İsnaddaki bu ziyade yüzünden hadise ta'n edebilmek için isnadda ziyade etmeyen sika ravi, ziyade eden ravinin üst tarafındaki raviden hadis işittiğini tasrih etmiş olması gerekir. Bu sika ravinin rivayeti şayet “an” gibi semaa delalet etmediği gibi inkıta ihtimaline yol açan bir lafızla olmuşsa, ziyadeyi ihtiva eden rivayet tercih edilir. 716
el-Hatîbu'1-Bağdâdî bu konuda Temyîzu'l-Mezîd fi Muttasili'l-Esânîd isimli bir kitap yazmıştır. 717
Min Belâyâhu:
“Belalarından biri de (şudur)” manasına gelen bu cümlecik, bir rivayetin mevzu olduğunu gösteren karinelere işaret etmekte kullanılmıştır.
Min...İlâ:
Bk. Lâ... ilâ.
Mine's-Sunne Kezâ:
“Şu iş sünnettir” manasına bir tabir olup bir hadisin hükmen merfu olduğunu gösteren ifadelerdendir. Sahabîlerden biri bir şeyden bahsederken, böyle bir ifade kullanmışsa, o bahsettiği şeyin hükmen Hz. Peygambere kadar ulaştığı manasına gelir. Bu da o şeyin onun bilgisi altında işlendiğini gösterir.

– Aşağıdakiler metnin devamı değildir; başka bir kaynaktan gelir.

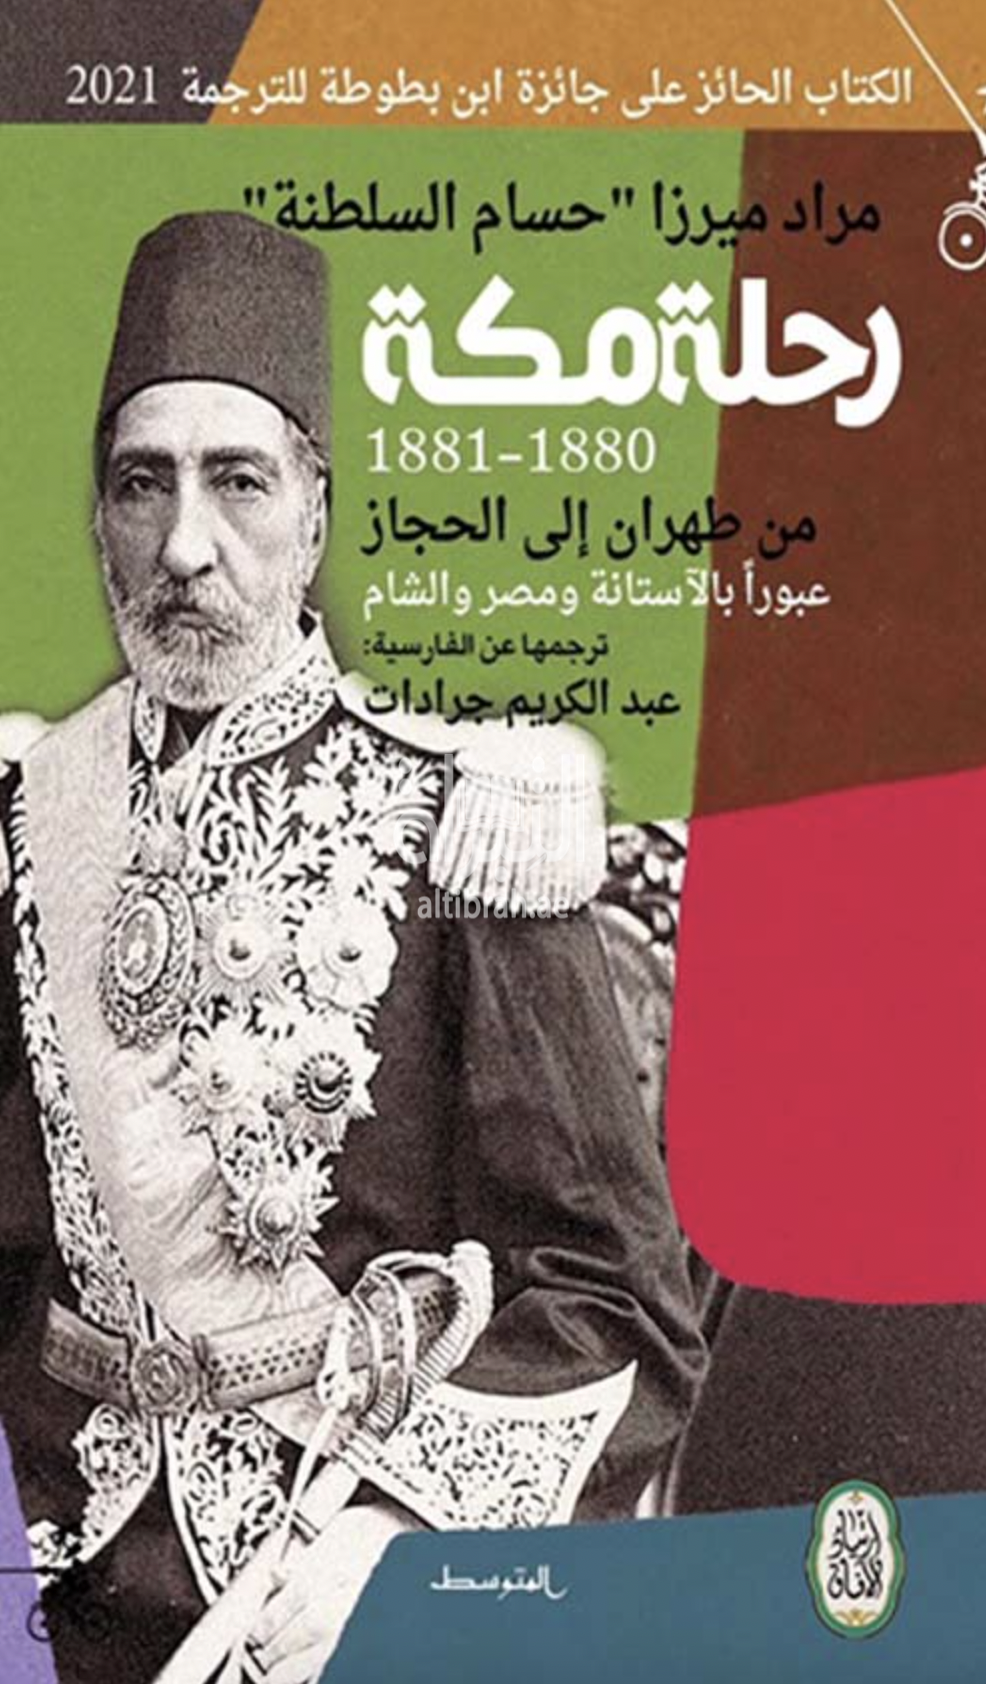 رحلة مكة 1880 - 1881 من طهران إلى الحجاز عبوراً بالآستانة ومصر والشام

Misle Hadisin Kablehu Metnuhû Kezâ Ve Kezâ:
Bk. Mislehû.
Mislehû:
“Onun benzeri” anlamını veren bu lafız, muhaddisin bir hadisi bir isnadla sevkettikten sonra aynı hadisi ikinci isnadiyle vermek istediğinde metni aynen zikretmeyip ikinci isnadı verdiği yerde kullanılan tabirlerdendir. Böyle aynı hadisi iki isnadla verip ikincide metnini tekrar etmeden bu ifadeyle yetinen muhaddis bu ifadesiyle “ikinci isnadın metni de öncekinin metninin benzeridir” demiş gibi olur.
Aynı yerde mislehû sevâ'en (ilk metnin tıpkı aynısı); nahvehu (ilk metnin tıpkısı) tabirleri de kullanılır.
Bazı muhaddisler bir metni sevkettikten sonra ikinci isnad ile aynı metni vermekte böyle bir tabir kullanmayı hoş görmezler. Nitekim Şu'be, “fulân an fulân mislehû demek yetmez” demiştir. Ayrıca aynı âlimin “ravinin nahvehu demesi şekdir” dediği de rivayet edilmiştir.
Bununla birlikte Sufyânu's-Sevrî'ye göre ravinin şeyhi eğer zabtı ve hıfzı tam, hadis lafızlarını birbirinden ayırmaya gücü yeten; rivayetinin sayısına dikkat ve itina gösteren bir de sika olarak tanınan biri ise böyle ikinci isnaddan sonra metni tekrarlamadan nahvehu gibi bir ifade kullanması caizdir. Değilse caiz olmaz.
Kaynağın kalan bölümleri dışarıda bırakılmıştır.